Bitfinex v NYAG continues to be quite the summer potboiler.
One of our earlier editions discussed NYAG’s accusation that Bitfinex allegedly borrowed $850 million from Tether’s reserves to cover up the money that was owed to Bitfinex by a Panama-based crypto payments processor. The case reached a new high (touched new lows) in court yesterday. NYAG claims that Bitfinex defrauded its investors by not disclosing the alleged $850 million that it borrowed from USDT’s reserves. Every USDT is supposed to be backed by a US dollar held in a bank account so that every token is fully collateralized. Bitfinex claims that NYAG lacks the required legal jurisdiction to investigate Bitfinex as Bitfinex does not serve any NYC customers as per their terms and conditions. The battle came to a temporary halt when the judge decided to grant a 90-day extension period to resolve the case. This means that NYAG can continue its investigation on Bitfinex and Bitfinex can continue its operations, but cannot transfer funds from Tether to Bitfinex anymore.
After reaching a new high for the past 15 months, BTC’s volatility has started to retreat in the past few days. Bitfinex’s court hearing was expected to cause a lot of chaos in the market, but now that the court has granted a 90-day extension for the case, BTC prices are expected to operate in the narrow band of $9k-10k for a meaningful period of time. We expect this range-bound price behaviour to continue until the market starts pricing in the supply shortage post the block reward halvening event in May 2020.
The last two weeks in BTCUSD have been a round trip with a range of 11%. So while daily volatility is high with frequent 5%+ moves, weekly volatility has compressed. This usually is a sign of a market that’s digesting some moves, especially the last wave started in June that propelled the mkt to a new trading range.
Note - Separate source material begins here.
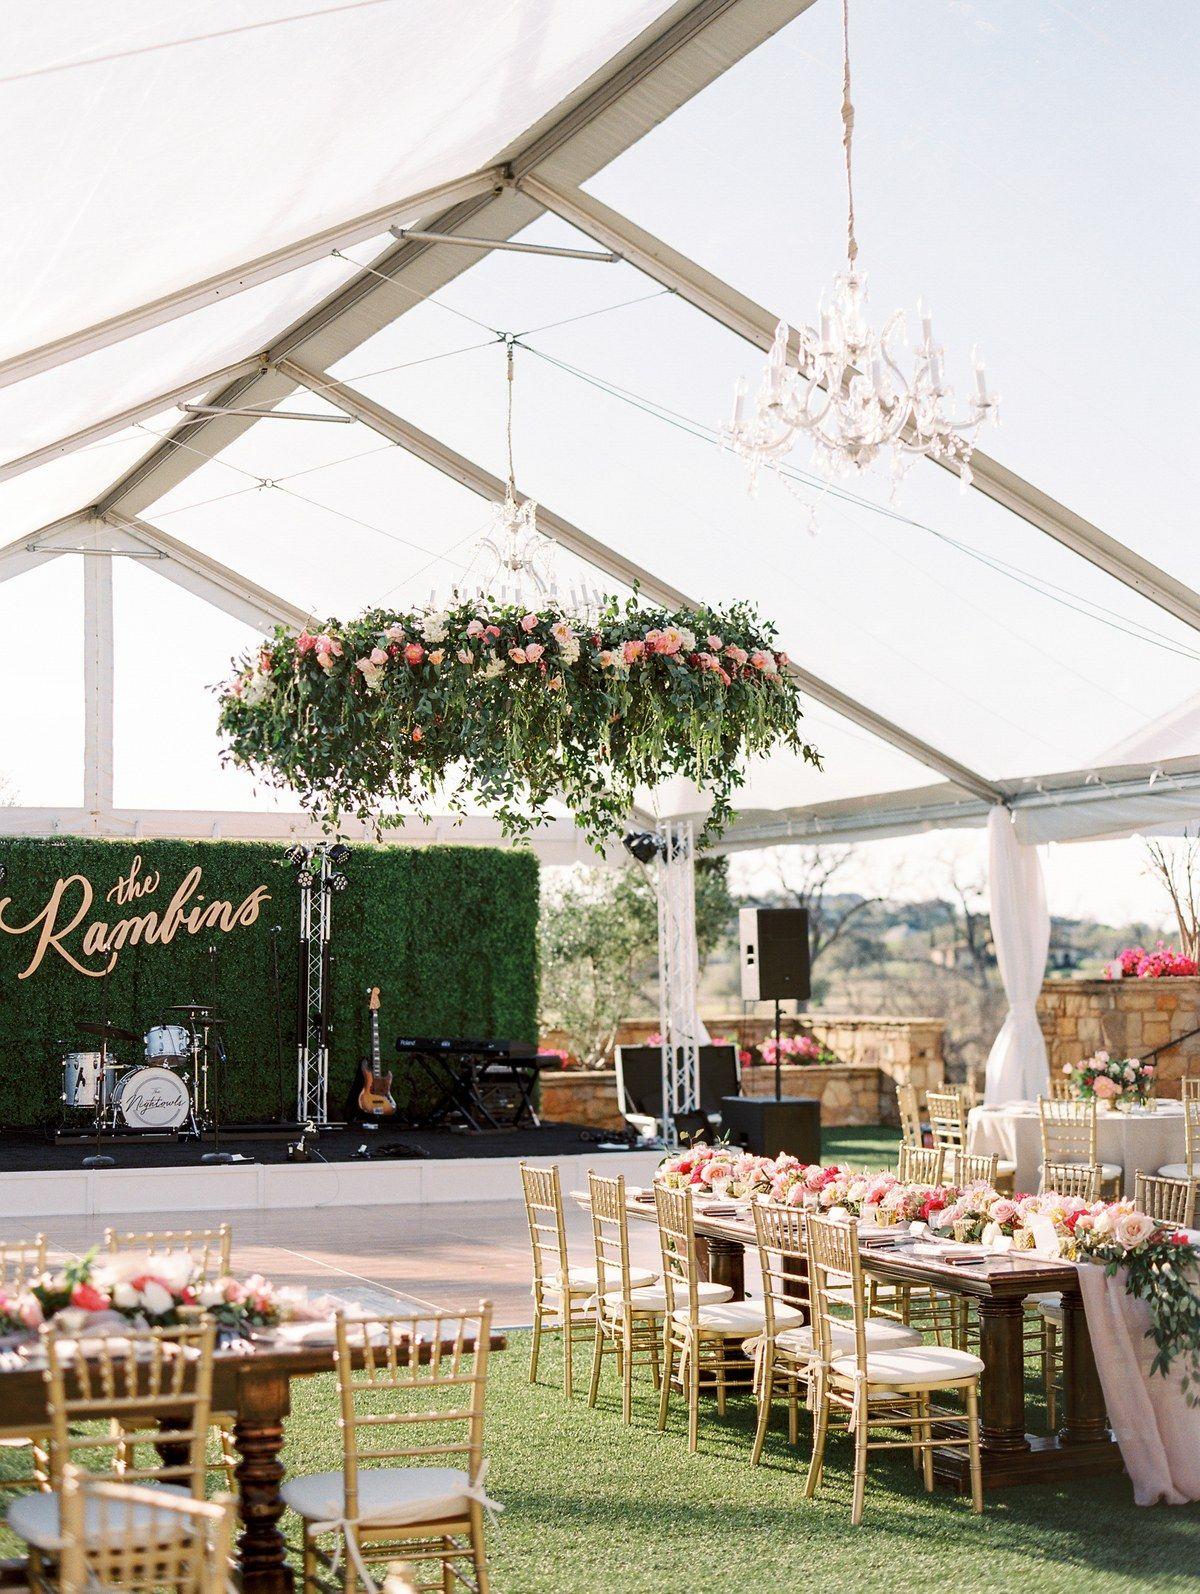 24 Flower Chandeliers To Give Your Wedding A Garden Fresh Feel Tent Wedding Reception Garden Wedding Reception Outdoor Wedding Decorations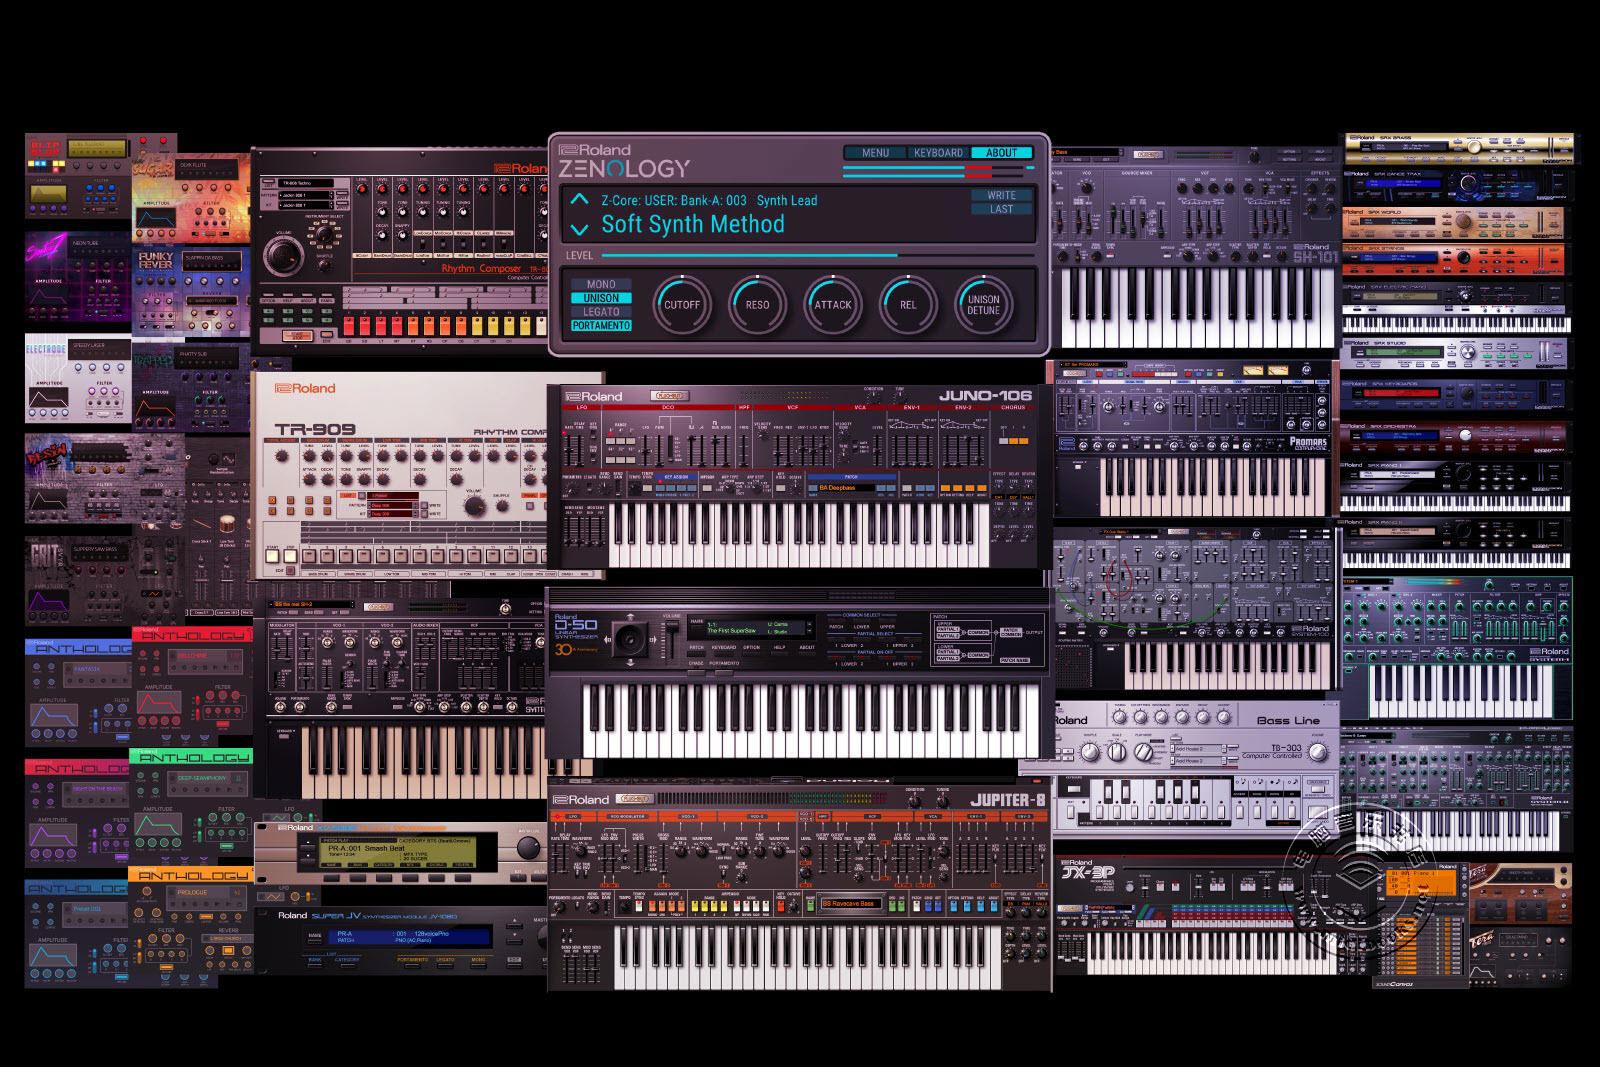 Roland Cloud(罗兰云)乐器开始了迄今为止最大规模的扩充

This time as well volumes have shrunk in this back and forth action which is normal.
On some of the metrics we like to follow, transactions have remained steady, fees have fallen.
Interestingly, top 100 addresses to total coin % has dramatically fallen over the weekend.
Active addresses has been declining over the month so could be signs of some lightening up in the whale wallets rather than an increase in accounts or smaller wallets.
The excellent Woobull charts here are showing some bullishness in the NVT ratio.
The NVT signal which we like more is showing signs of working off the overbought conditions from last month. This is more bullish longer term, shorter term probably indicates lower pricing but within the context of the past 4 weeks or so.